The superior sagittal sinus runs in the attached, convex margin of the falx cerebri; it grooves the internal surface of the frontal bone, the adjacent margins of the two parietal bones and the squamous part of the occipital bone (Fig. 4.8; see also Figs. 4.2, 6.16). It begins near the crista galli, a few millimetres posterior to the foramen caecum, and receives primary tributaries from cortical veins of the frontal lobes, the ascending frontal veins. Narrow anteriorly, the sinus runs backward, gradually widening to approximately 1 cm. Near the internal occipital protuberance it deviates, usually to the right, and continues as a transverse sinus. Triangular in cross-section, the interior of the superior sagittal sinus possesses the openings of superior cerebral veins and projecting arachnoid granulations. It is traversed by many fibrous bands.
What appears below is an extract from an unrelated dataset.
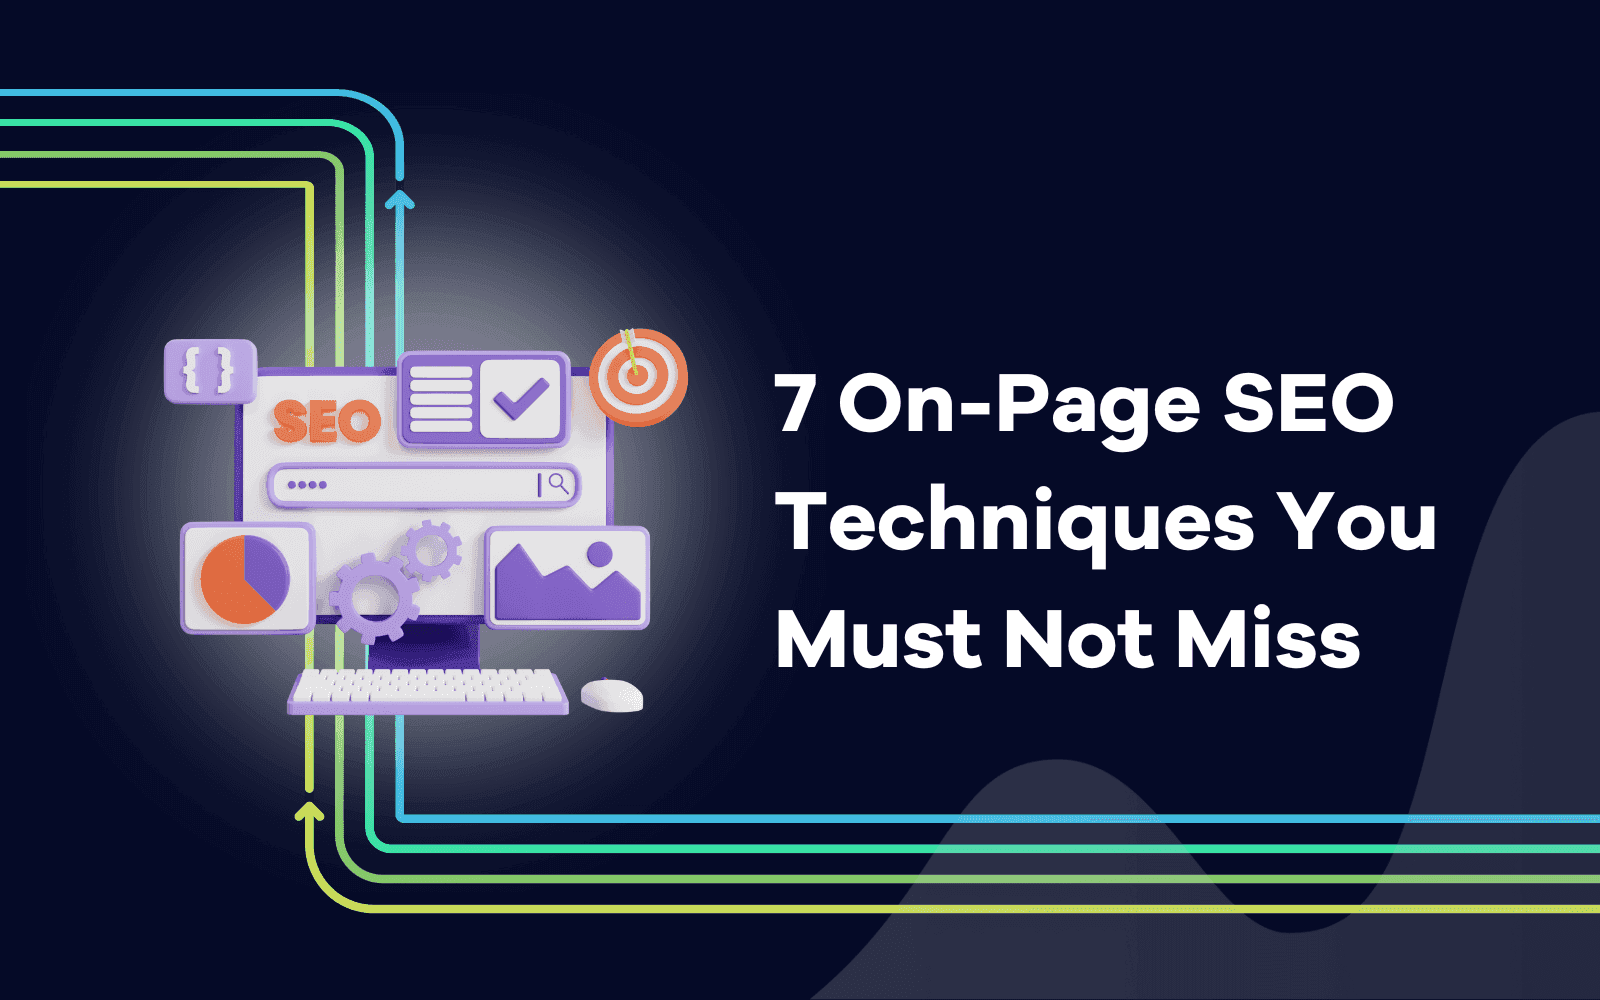 On-Page SEO Techniques You Must Not Miss

It also communicates by small orifices with irregular venous lacunae, situated in the dura mater near the sinus. There are usually two or three of these on each side—a small frontal, a large parietal and an intermediate-sized occipital. In the elderly, the lacunae tend to become confluent, so there is one elongated lacuna on each side. Fine fibrous bands cross them, and numerous arachnoid granulations project into them. The superior sagittal sinus receives the superior cerebral veins and, near the posterior end of the sagittal suture, veins from the pericranium, which pass through the parietal foramina. The lacunae also drain the diploic veins and meningeal veins.

Lateral lacunae are often so complex that they are almost plexiform; they are rarely simple venous spaces. Plexiform arrays of small veins adjoin the sagittal, transverse and straight sinuses, and ridges of such ‘spongy’ venous tissue often project into the lumina of the superior sagittal and transverse sinuses. The superior sagittal sinus is also invaded, in its intermediate third, by variable bands and projections from its dural walls, which extend as horizontal shelves that divide its lumen into superior and inferior channels. Such variable features make it impossible to give a simple description of this or other venous sinuses, and individual variations can be shown only by radiological investigations.

The dilated posterior end of the superior sagittal sinus is referred to as the confluence of the sinuses (see Fig. 4.4). This is situated to one side (usually the right) of the internal occipital protuberance, where the superior sagittal sinus turns to become a transverse sinus. It also connects with the occipital and contralateral transverse sinus. The size and degree of communication of the channels meeting at the confluence are highly variable. In more than half of subjects, all venous channels that converge toward the occiput interconnect, including the straight and occipital sinuses. In many instances, however, communication is absent or tenuous. Any sinus involved may be duplicated, narrowed or widened near the confluence.